┌──

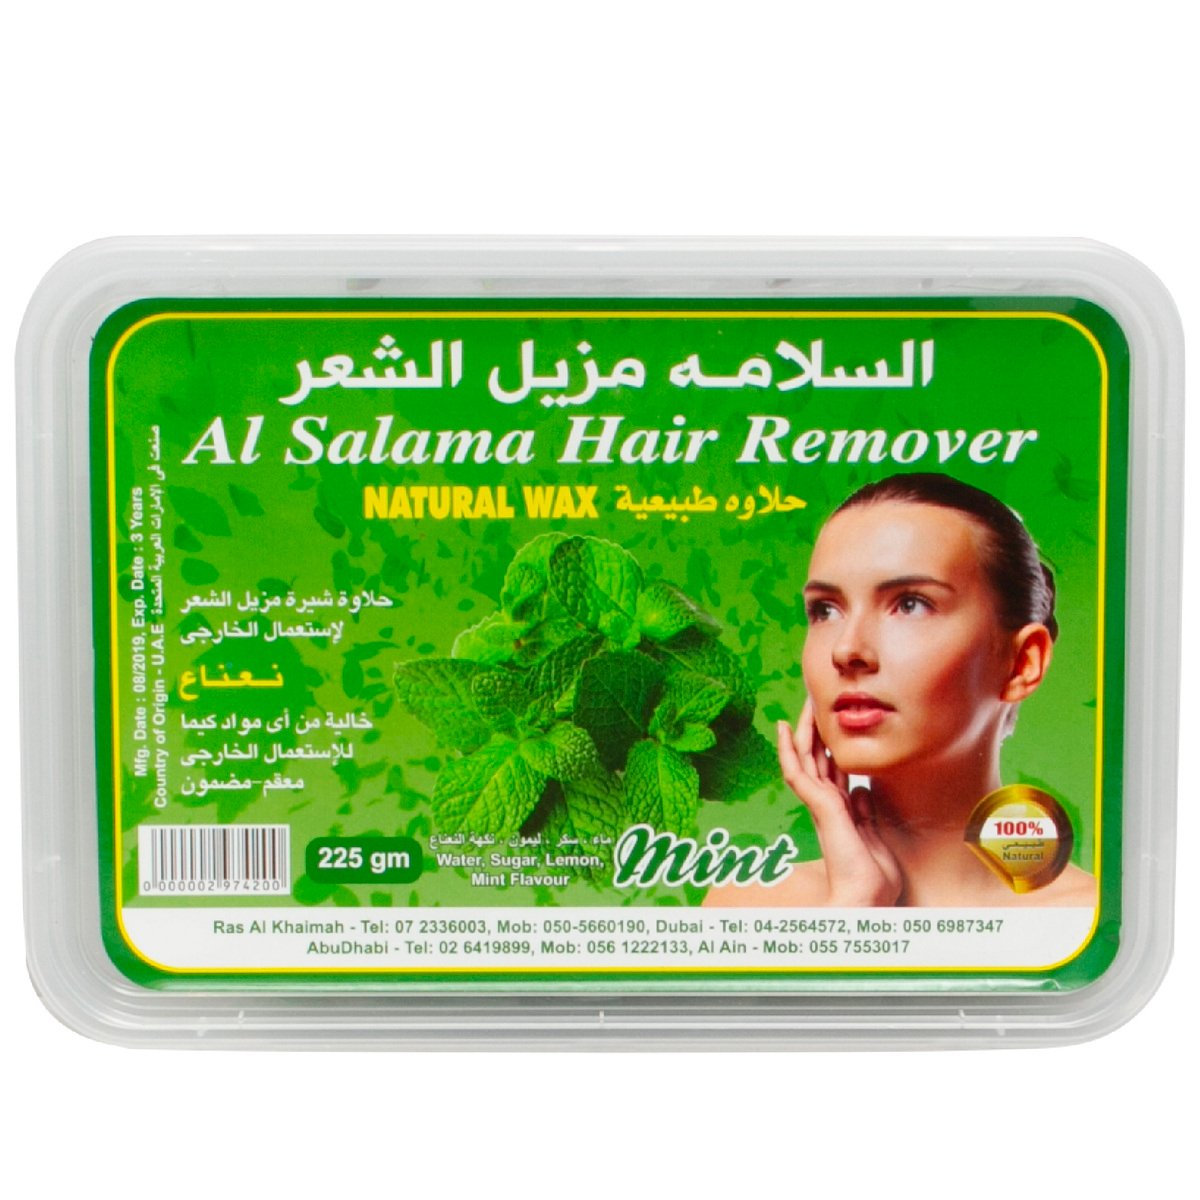 Al Shama Hair Remover Natural Wax 225 g
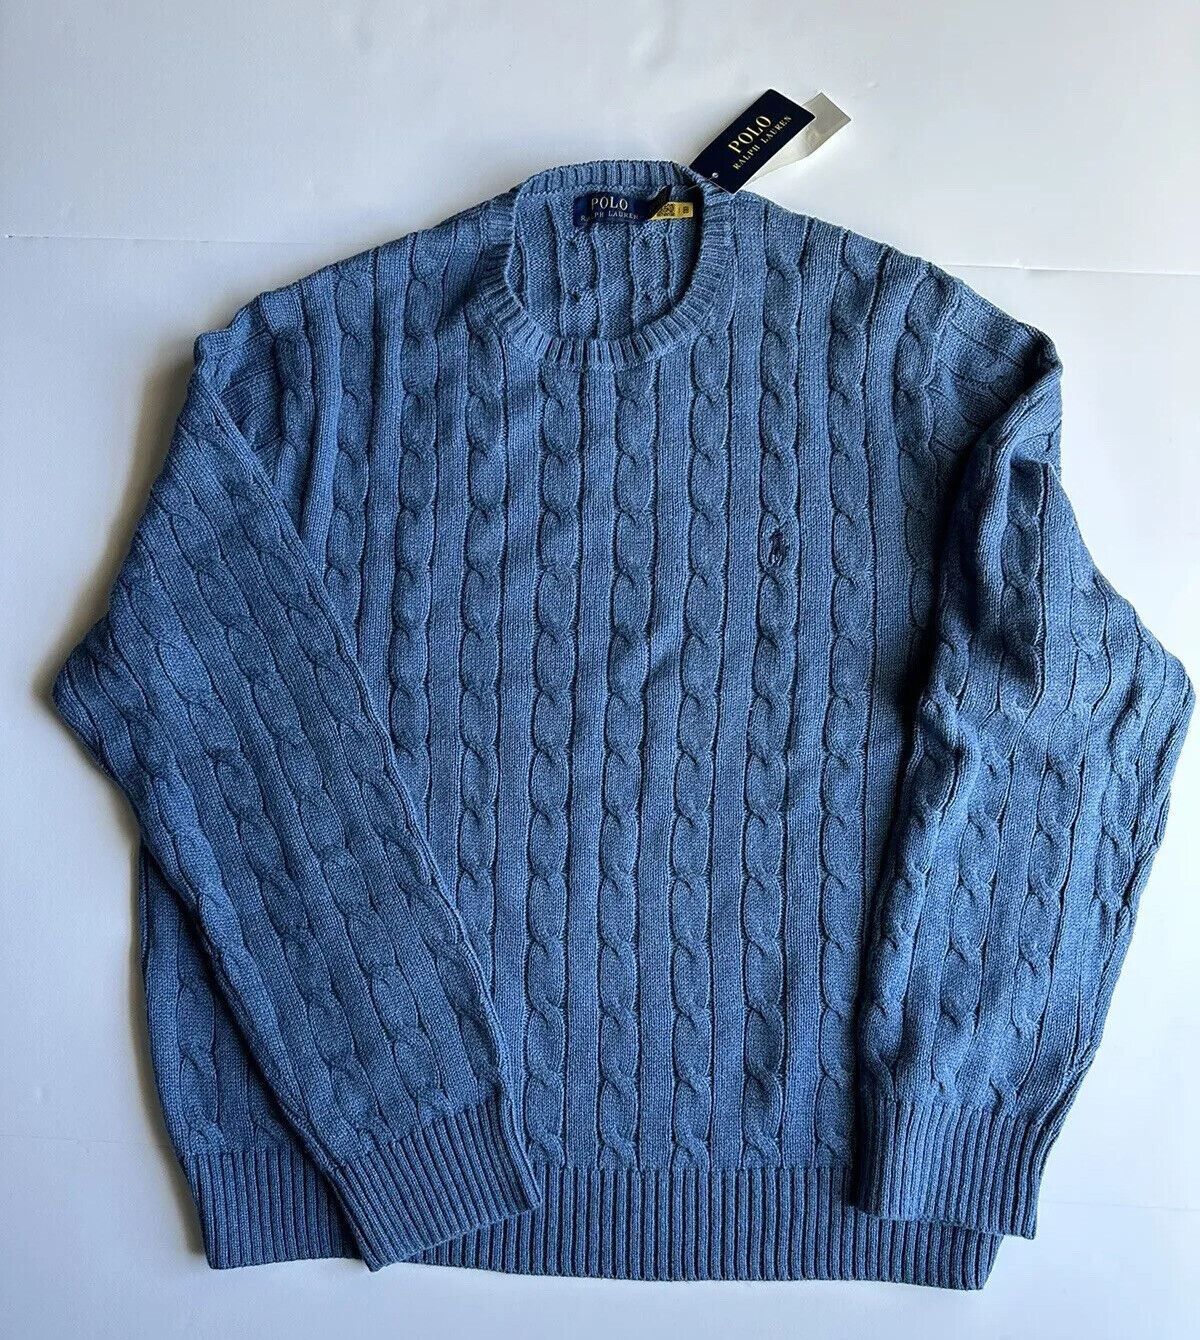 NWT $138 Polo Ralph Lauren Men's Knit Sweater Blue 2XL/2TG
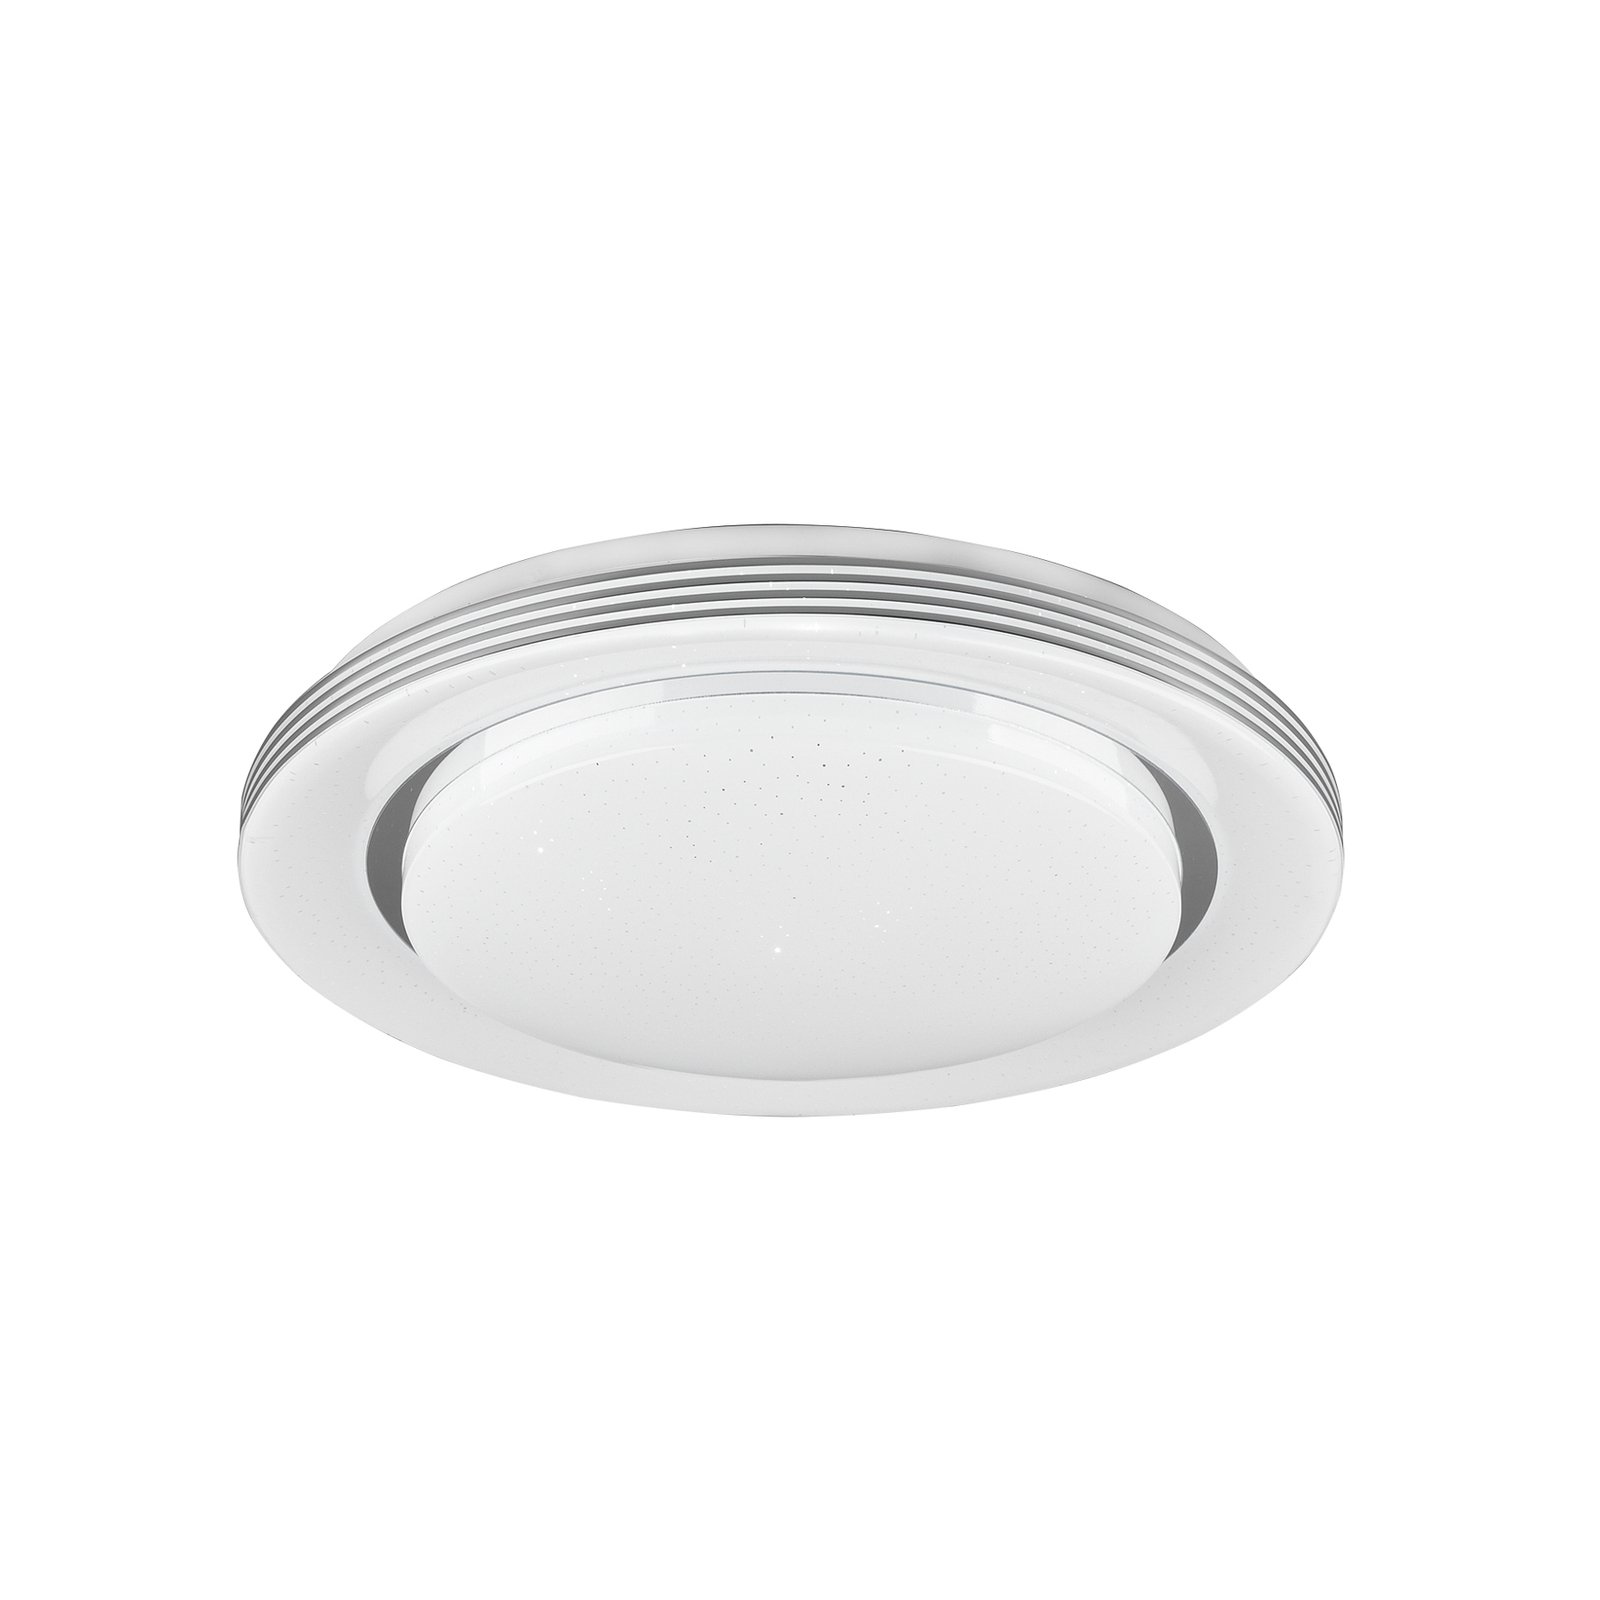 LED ceiling lamp Atria, Ø 38 cm, white, plastic, CCT
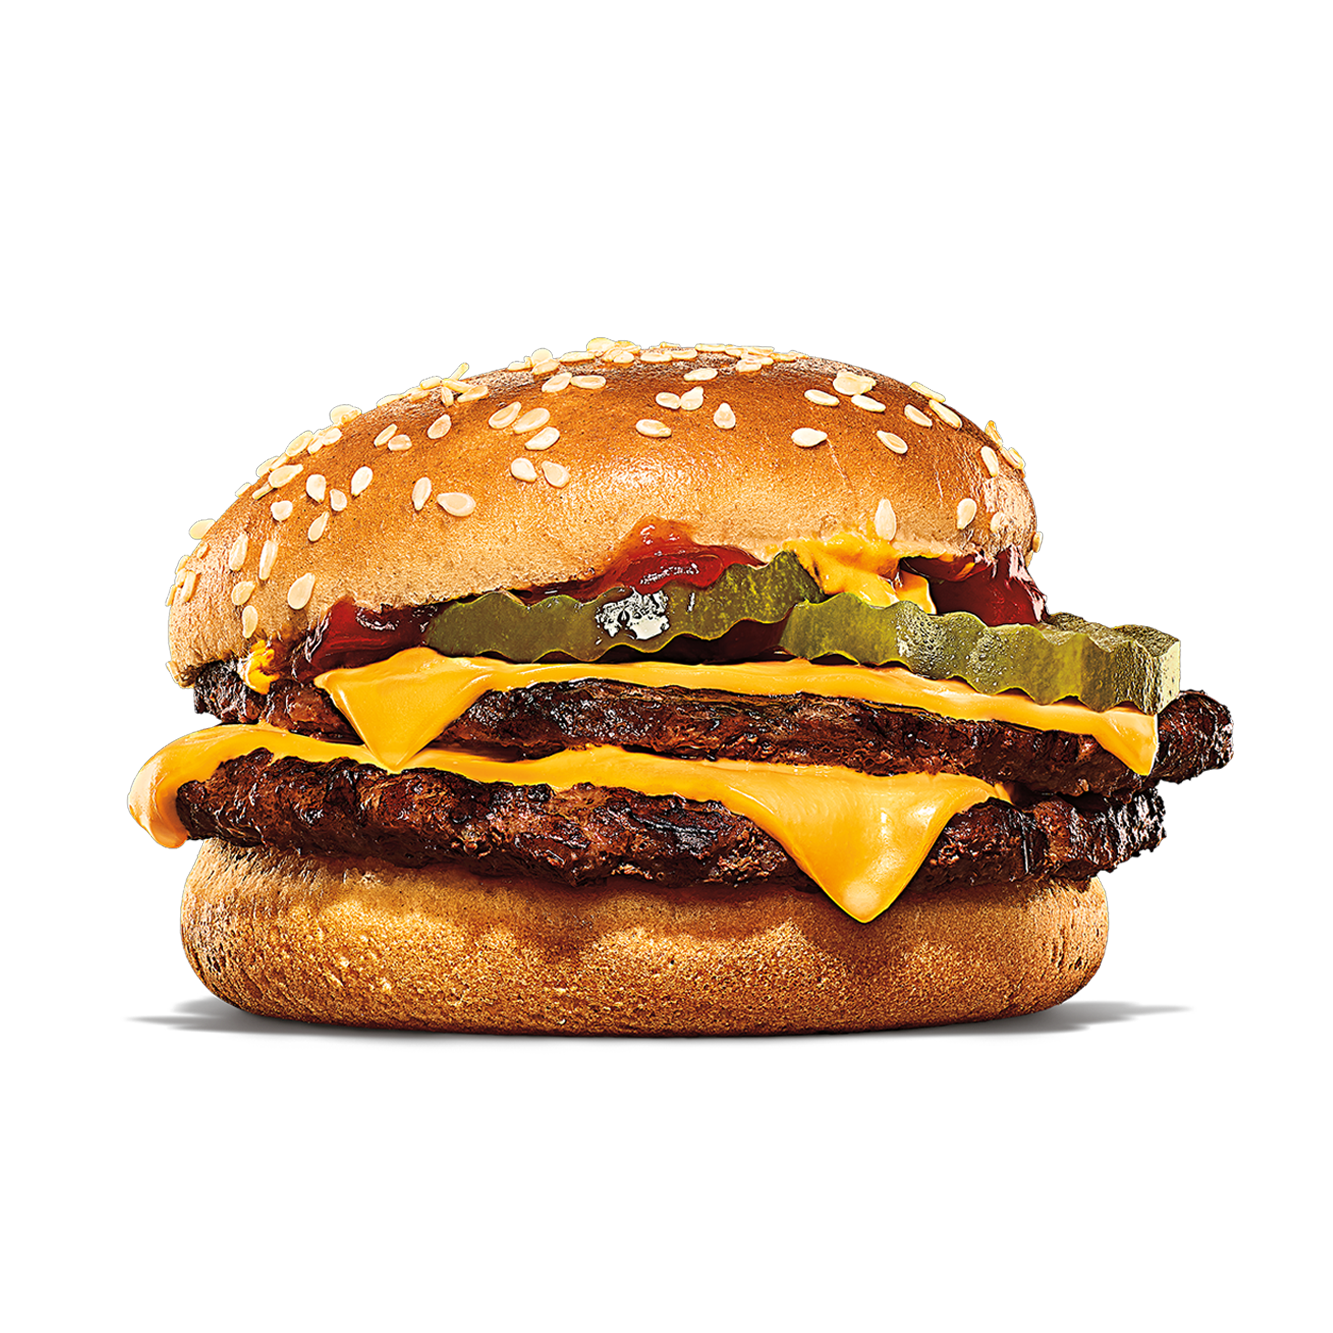 Burger King Monroe (734)242-6120

└──

- _What you are asked to do_:
Please transcribe the whole listing above exactly, with the images left out.

- _Output below_:
 Al Shama Hair Remover Natural Wax 225 g
 NWT $138 Polo Ralph Lauren Men's Knit Sweater Blue 2XL/2TG
 LED ceiling lamp Atria, Ø 38 cm, white, plastic, CCT
 Burger King Monroe (734)242-6120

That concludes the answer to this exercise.